Prescribing hydroxychloroquine or chloroquine without further proof of efficacy for treating COVID-19 or with the intent to stockpile the drug may create a shortage for patients with lupus, rheumatoid arthritis, or other ailments for which chloroquine and hydroxychloroquine are proven treatments. Reports of this conduct will be evaluated and may be further investigated for administrative action. Prescribing any kind of prescription must also be associated with medical documentation showing proof of the medical necessity and medical condition for which the patient is being treated. Again, these are drugs that have not been proven scientifically or medically to treat COVID-19.”

The letter could be read to say that prescribing those drugs
for that treatment might
land physicians in hot water. Whether that interpretation is a correct one
hinges on whether use of the word “or” in the phrase “without further proof of
efficacy for treating COVID-19 or with the intent to stockpile the drug” was
intentional or was a stray word mistakenly inserted and not later removed only
because of the time pressure that the drafters had to cope with. 

The
issue is now likely moot if media reports are true that Whitmer has asked
Trump for supplies of the drug.

What lessons
should we draw from all of this?

First, state agencies appear to have a legitimate worry that people who stockpile a drug known to treat other diseases can wind up injuring patients who need and use that drug regularly if they can’t get it.  Needless stockpiling of drugs that patients take for non-COVID-19 diseases will harm them, and we should avoid that prospect.  That is likely what the Nevada and Michigan officials were trying to address, rather than to interdict the use of hydroxychloroquine and chloroquine in particular cases.
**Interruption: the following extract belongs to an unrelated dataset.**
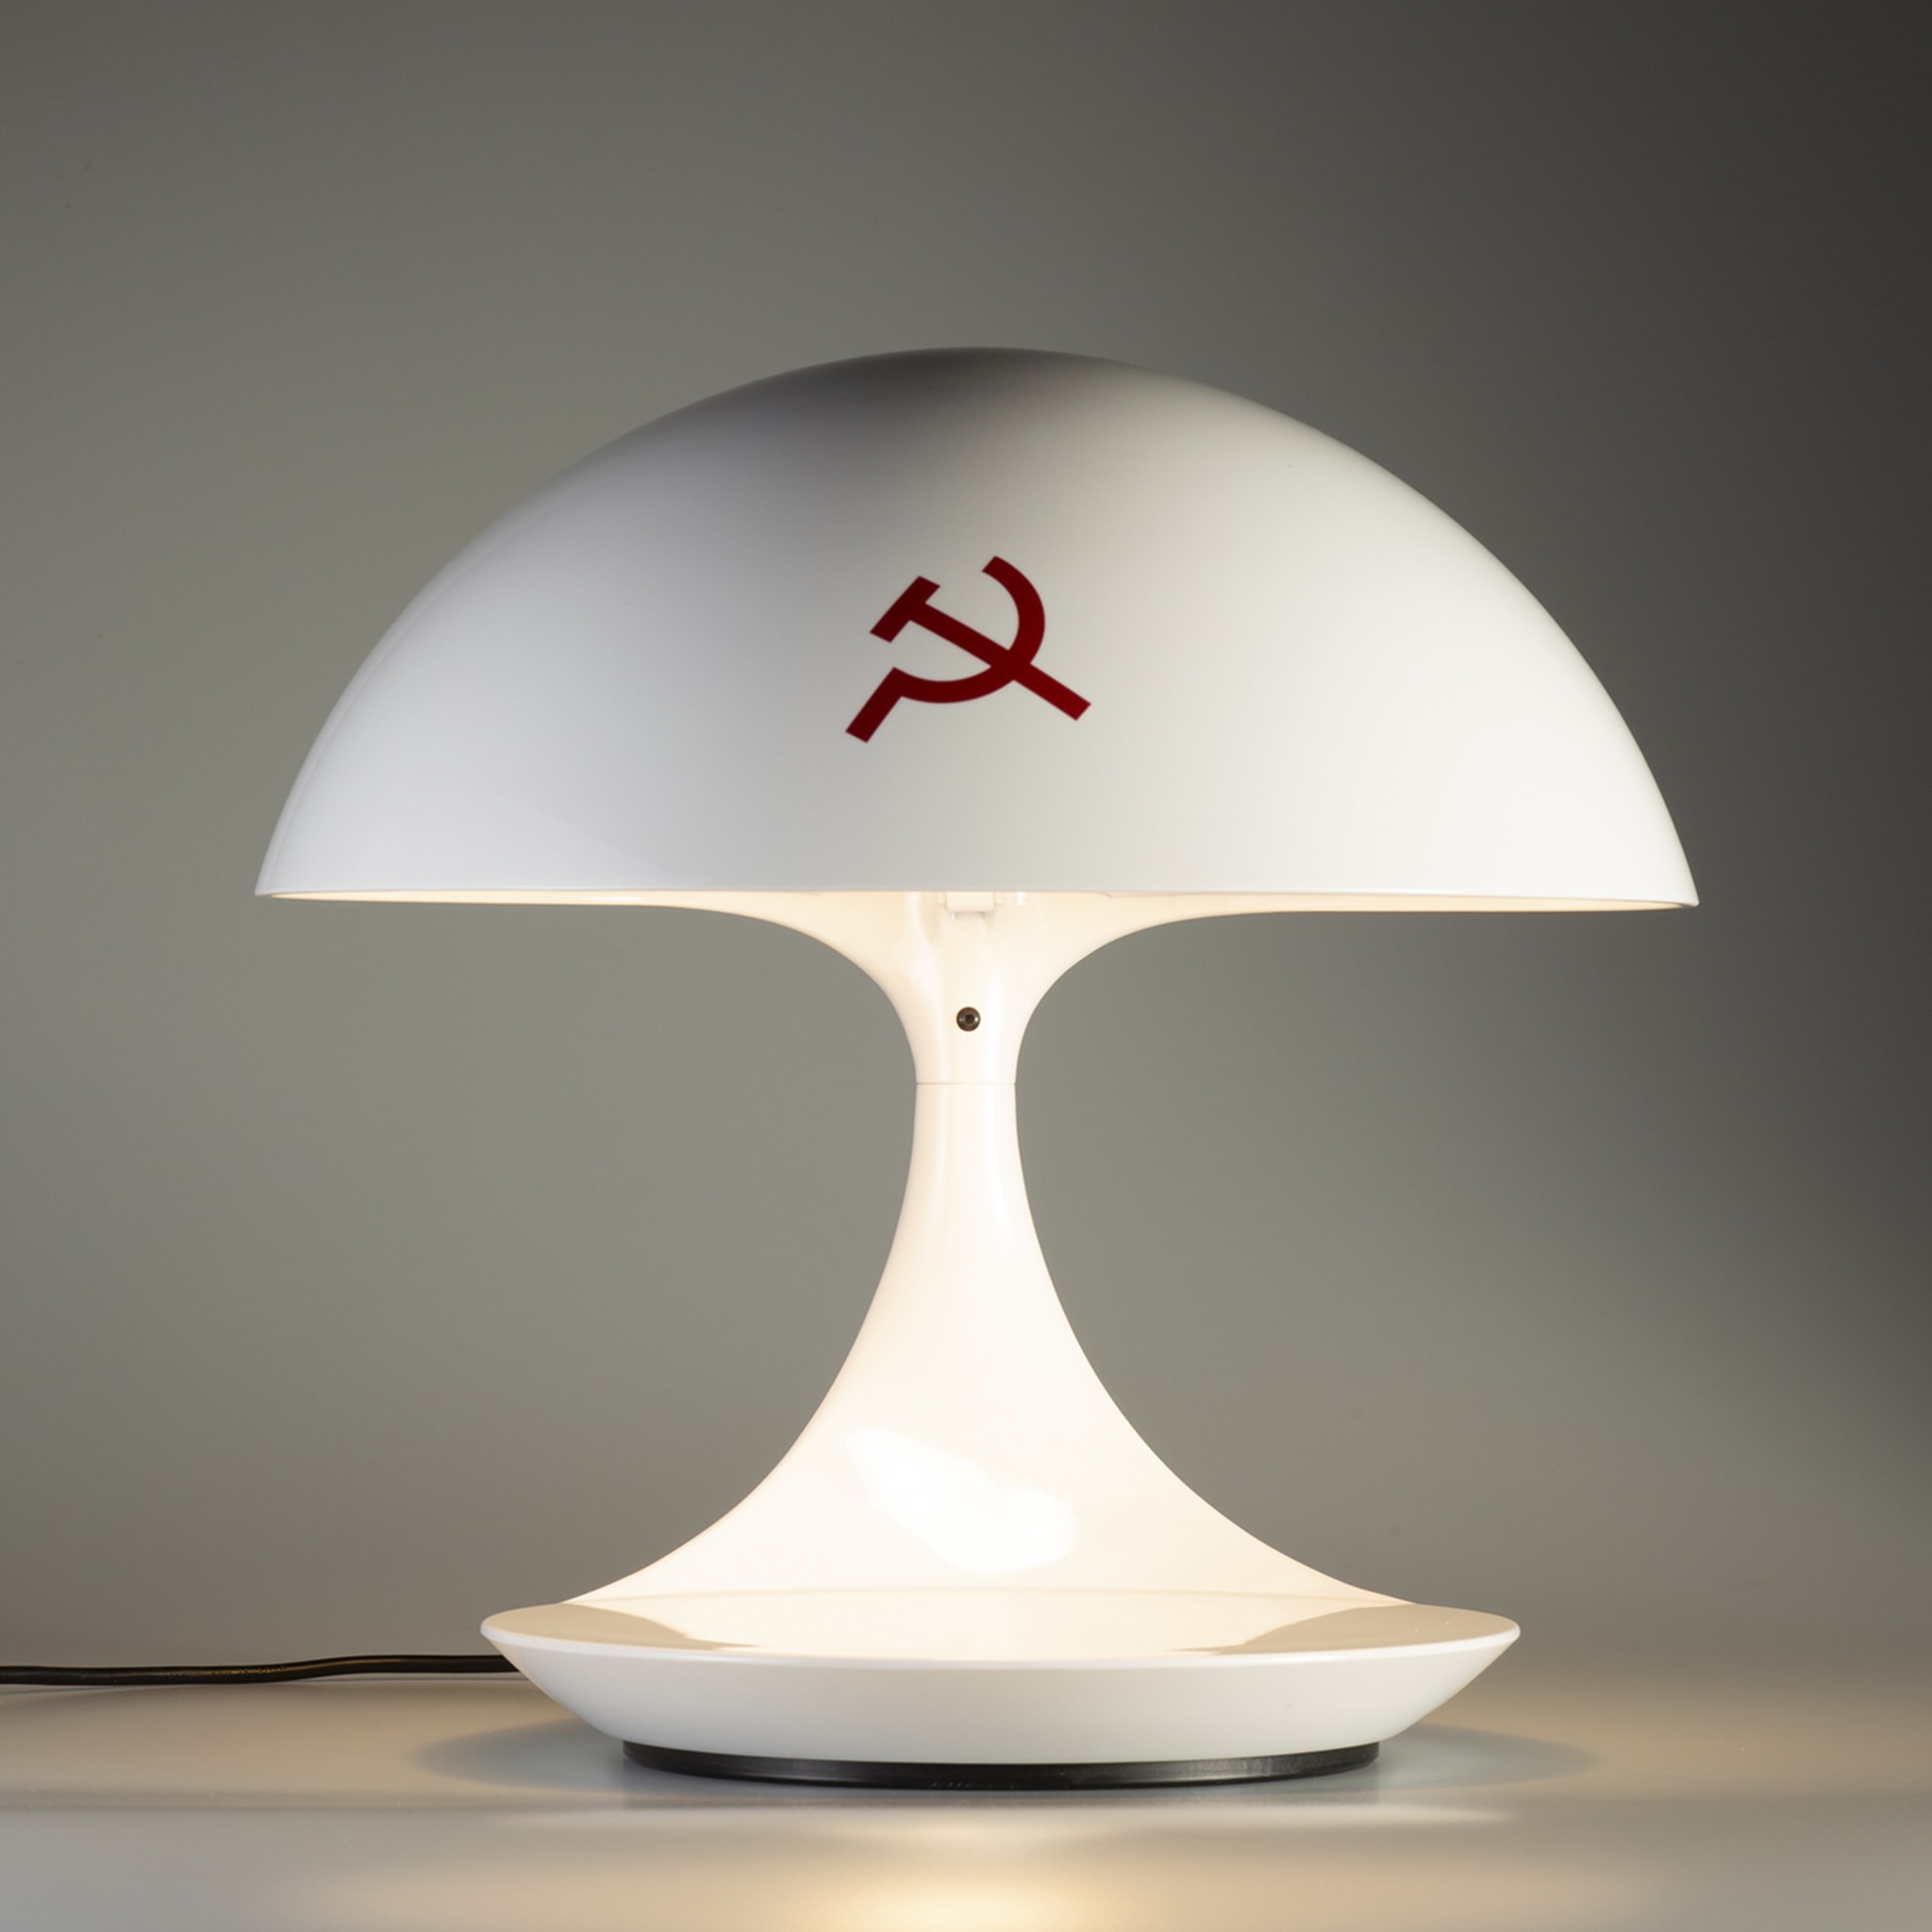 Cobra Texture Pensando Al Comunismo Table Lamp by A. Mendini - Alternative view 3

Second, it would be helpful if government officials were precise when drafting executive orders for implementation by treating physicians, who are not lawyers and who have their hands quite full right now.  But time is critical for everyone fighting COVID-19, so government officials may not have been as precise as they should have been.  They need to be particularly careful here, because misinterpretations can lead to mistakes and cause needless anxiety—if not outright panic—at a time when we can afford neither.
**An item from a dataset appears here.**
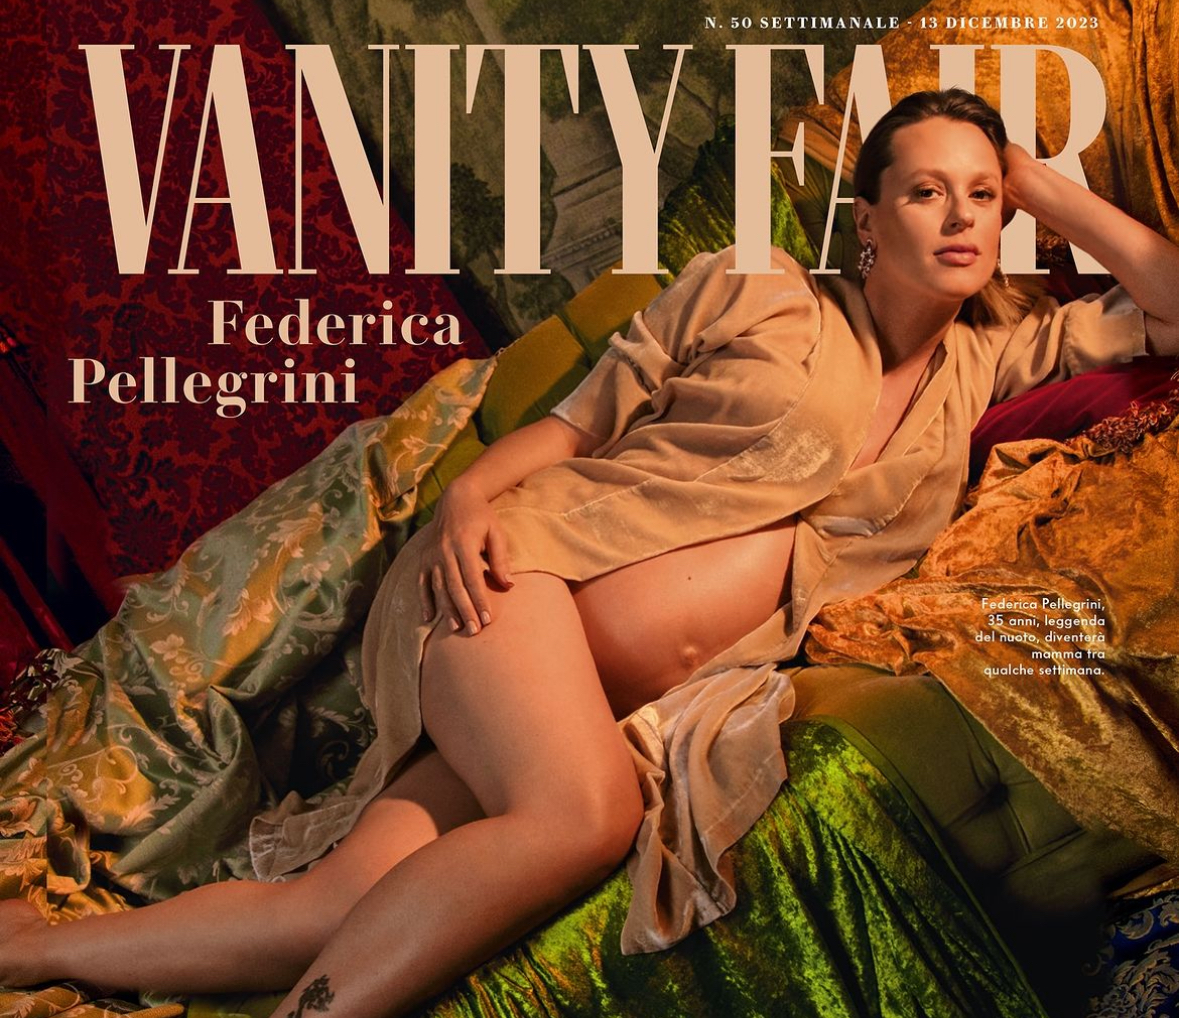 Federica Pellegrini sulla cover di Vanity Fair

Third, it never makes sense for politicians to talk about a subject beyond their expertise, especially ones of a medical nature.  Most politicians have a knowledge base that is a mile wide and an inch deep—at best. As that great Western philosopher “Dirty Harry” Callahan taught us: “A man’s got to know his limitations.” When politicians go beyond that, they risk looking foolish. 

Then-New York Mayor Rudy Giuliani did
a masterful job in his post-9/11 press conferences in that regard.  He opened them by summarizing what New York
City was doing in the aftermath of the attack on the Twin Towers.  He then turned the lectern over to the
experts who could answer questions about the details. 

Fourth, the media need to be particularly careful when describing what government officials have ordered.  While they also operate under deadlines, details and nuances matter, and they need to spend the time to get it right. That is especially so now, since most Americans are housebound and relying on the media to help guide us through these difficult times.